[Saved data entries]

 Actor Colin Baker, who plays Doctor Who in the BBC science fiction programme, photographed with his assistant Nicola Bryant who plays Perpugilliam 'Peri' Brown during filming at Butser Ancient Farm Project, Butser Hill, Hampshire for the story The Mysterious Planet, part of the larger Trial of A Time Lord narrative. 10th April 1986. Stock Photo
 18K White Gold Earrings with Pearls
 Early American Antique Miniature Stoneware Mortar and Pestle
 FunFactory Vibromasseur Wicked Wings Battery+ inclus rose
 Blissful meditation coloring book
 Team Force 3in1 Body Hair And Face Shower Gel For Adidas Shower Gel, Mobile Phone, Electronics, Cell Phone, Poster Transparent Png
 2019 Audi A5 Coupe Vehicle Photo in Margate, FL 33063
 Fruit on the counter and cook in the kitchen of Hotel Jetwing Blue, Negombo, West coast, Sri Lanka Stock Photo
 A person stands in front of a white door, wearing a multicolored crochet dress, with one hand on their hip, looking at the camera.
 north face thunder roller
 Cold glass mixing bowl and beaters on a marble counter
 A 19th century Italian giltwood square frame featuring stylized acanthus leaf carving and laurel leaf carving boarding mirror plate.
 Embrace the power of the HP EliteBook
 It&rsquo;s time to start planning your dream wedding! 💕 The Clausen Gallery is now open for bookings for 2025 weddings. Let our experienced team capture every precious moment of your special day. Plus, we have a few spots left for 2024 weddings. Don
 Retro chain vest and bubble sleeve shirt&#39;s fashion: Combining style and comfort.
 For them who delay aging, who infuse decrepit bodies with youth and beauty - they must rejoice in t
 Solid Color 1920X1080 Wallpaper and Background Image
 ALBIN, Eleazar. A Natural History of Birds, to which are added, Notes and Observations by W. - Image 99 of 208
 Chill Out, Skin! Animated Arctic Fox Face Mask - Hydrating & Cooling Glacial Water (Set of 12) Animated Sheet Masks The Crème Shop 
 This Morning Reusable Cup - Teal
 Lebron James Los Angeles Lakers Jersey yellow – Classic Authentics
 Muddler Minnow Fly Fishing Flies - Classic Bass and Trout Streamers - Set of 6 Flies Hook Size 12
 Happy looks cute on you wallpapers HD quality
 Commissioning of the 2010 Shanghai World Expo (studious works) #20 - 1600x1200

Activity |
Please output exactly the lines between the one holding "ALBIN, Eleazar. A" and the one holding "Muddler Minnow Fly" in the records above, inclusive, and nothing more.

Written answer |
 ALBIN, Eleazar. A Natural History of Birds, to which are added, Notes and Observations by W. - Image 99 of 208
 Chill Out, Skin! Animated Arctic Fox Face Mask - Hydrating & Cooling Glacial Water (Set of 12) Animated Sheet Masks The Crème Shop 
 This Morning Reusable Cup - Teal
 Lebron James Los Angeles Lakers Jersey yellow – Classic Authentics
 Muddler Minnow Fly Fishing Flies - Classic Bass and Trout Streamers - Set of 6 Flies Hook Size 12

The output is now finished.